The companies will currently balk and whine, saying that of course they caaan't install solar collectors on sheds, and that the only safe way to install one at your own expense is to have it wired into the grid in such a way that you're still dependent on the company and your solar power can be cut off if you don't pay your monthly bill. Wrong, boys. It may involve pay cuts for high-level company employees, but it's quite feasible to restructure the electrical grid in such a way that the companies will be paying property owners monthly checks. The companies need to be planning for this. They must not be allowed to fantasize about building any more power plants, of any kind, unless and until they have invested in more equitable relationships with home and business owners. They need to be thinking of every property owner as a resource on whom they will depend as they continue to meet the energy needs of the cities.
The possibilities are endless, and delectable. Should parking lots have shelters from the rain, as an incentive to park at the far corner of the lot and walk, to get your exercise in? Of course they should, and why should those shelters not be collecting solar energy? "Clean" public transportation in the cities has been called a boondoggle because it consumes electricity. Could commuter bus stops and train stations generate even part of the energy the buses and trains consume? Electric vehicles aren't feasible if they have to be powered by the existing grid. What if they could be powered by their own garages?
Yes, batteries can corrode and release toxic minerals over years of exposure to wind and rain. Yes, some sort of filtration system needs to be installed along with the batteries. And what about storage of collected energy? Charged batteries can be stored long enough to get households through as many days without sunshine as most of the United States have, but where? Plans for safe storage of batteries--battery sheds?--need to be made, too, before households start trying to become solar farms.

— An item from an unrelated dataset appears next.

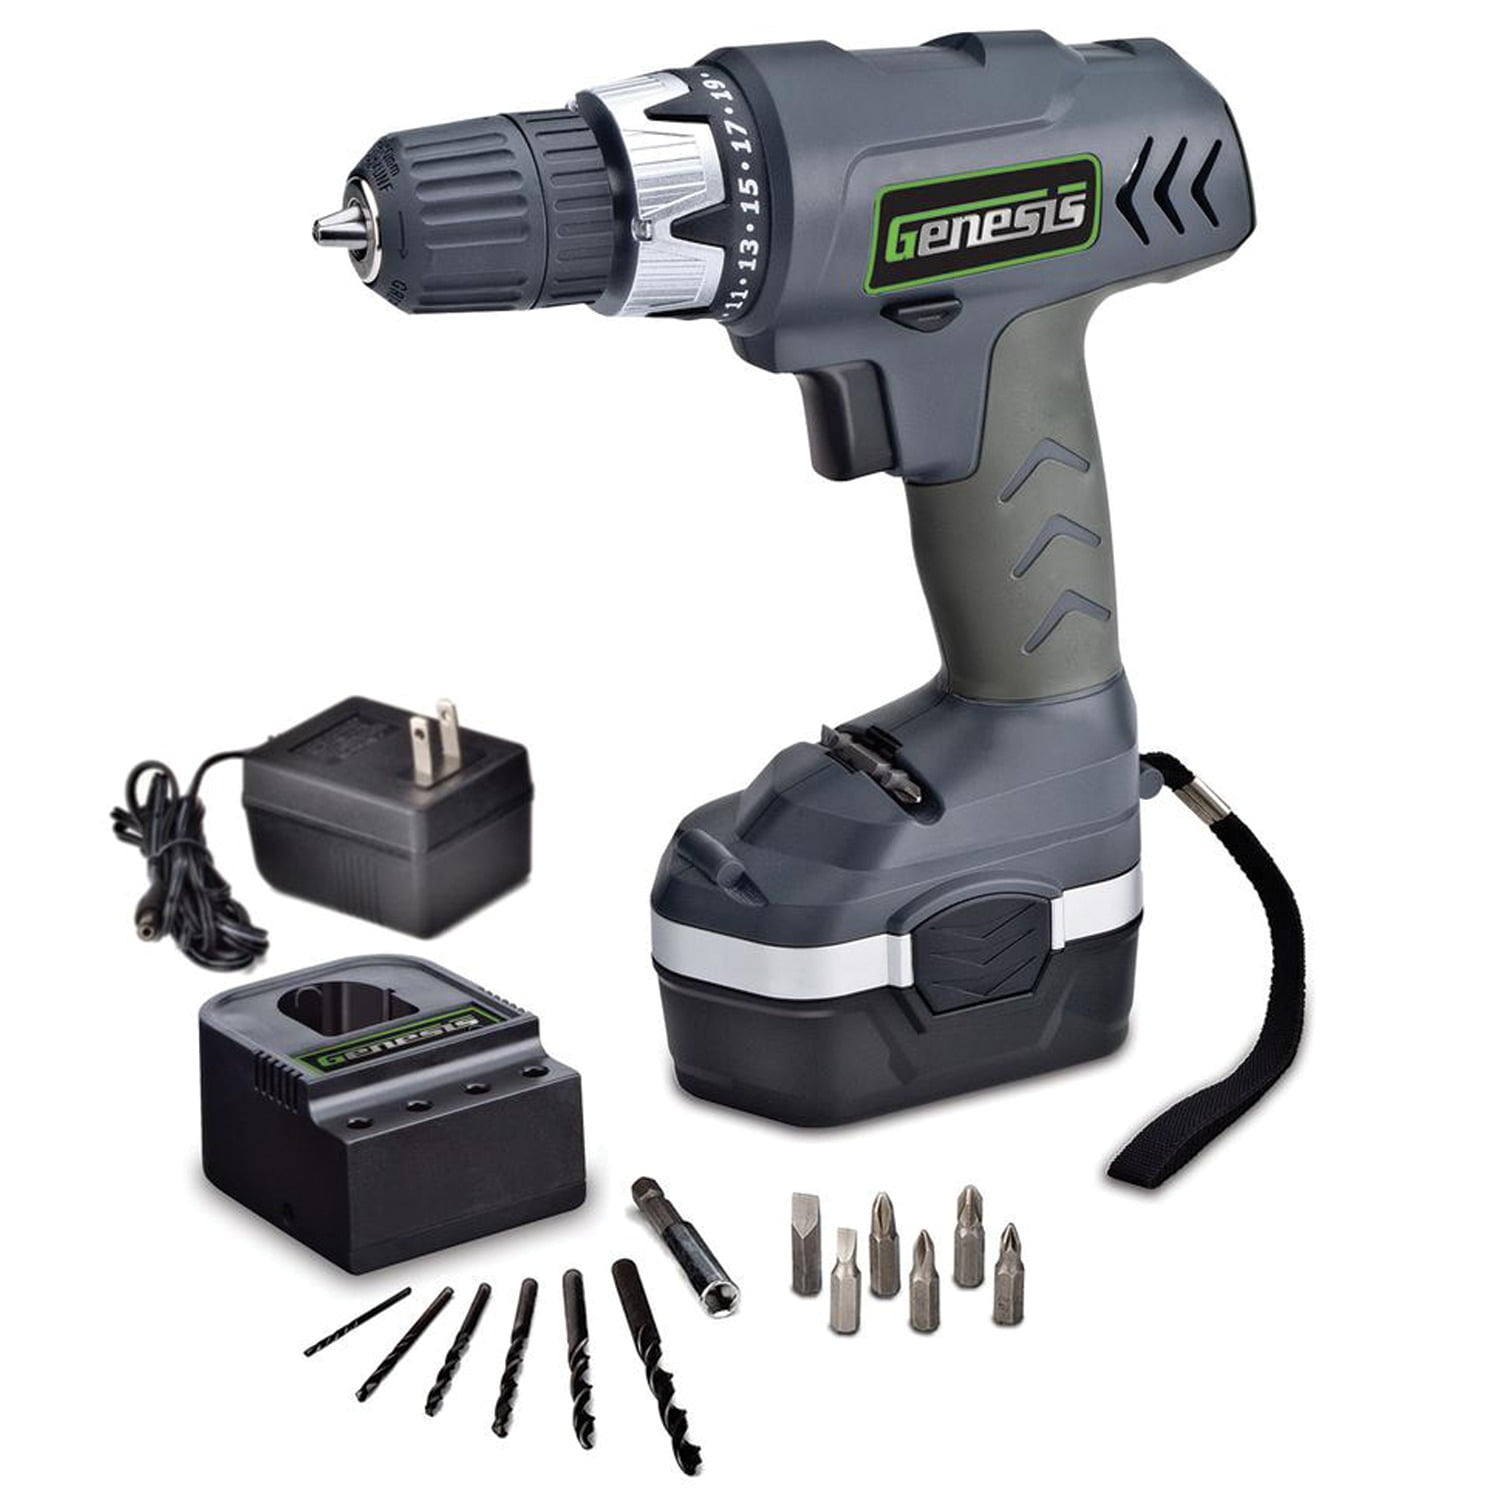 Channel Lock 20V Max 1/2" Cordless Drill Driver Battery Drill w/charger

But there's no real reason why frugal people need to be making payments to keep lights turned on. Brother Sun can take care of that. We just have to pay attention to new technological developments, exercise good judgment, and not let the companies jerk us around. We need laws that steer the companies in the right direction--either moving with property owners to harvest energy from sheds and garages, or just dying now and clearing themselves out of our way.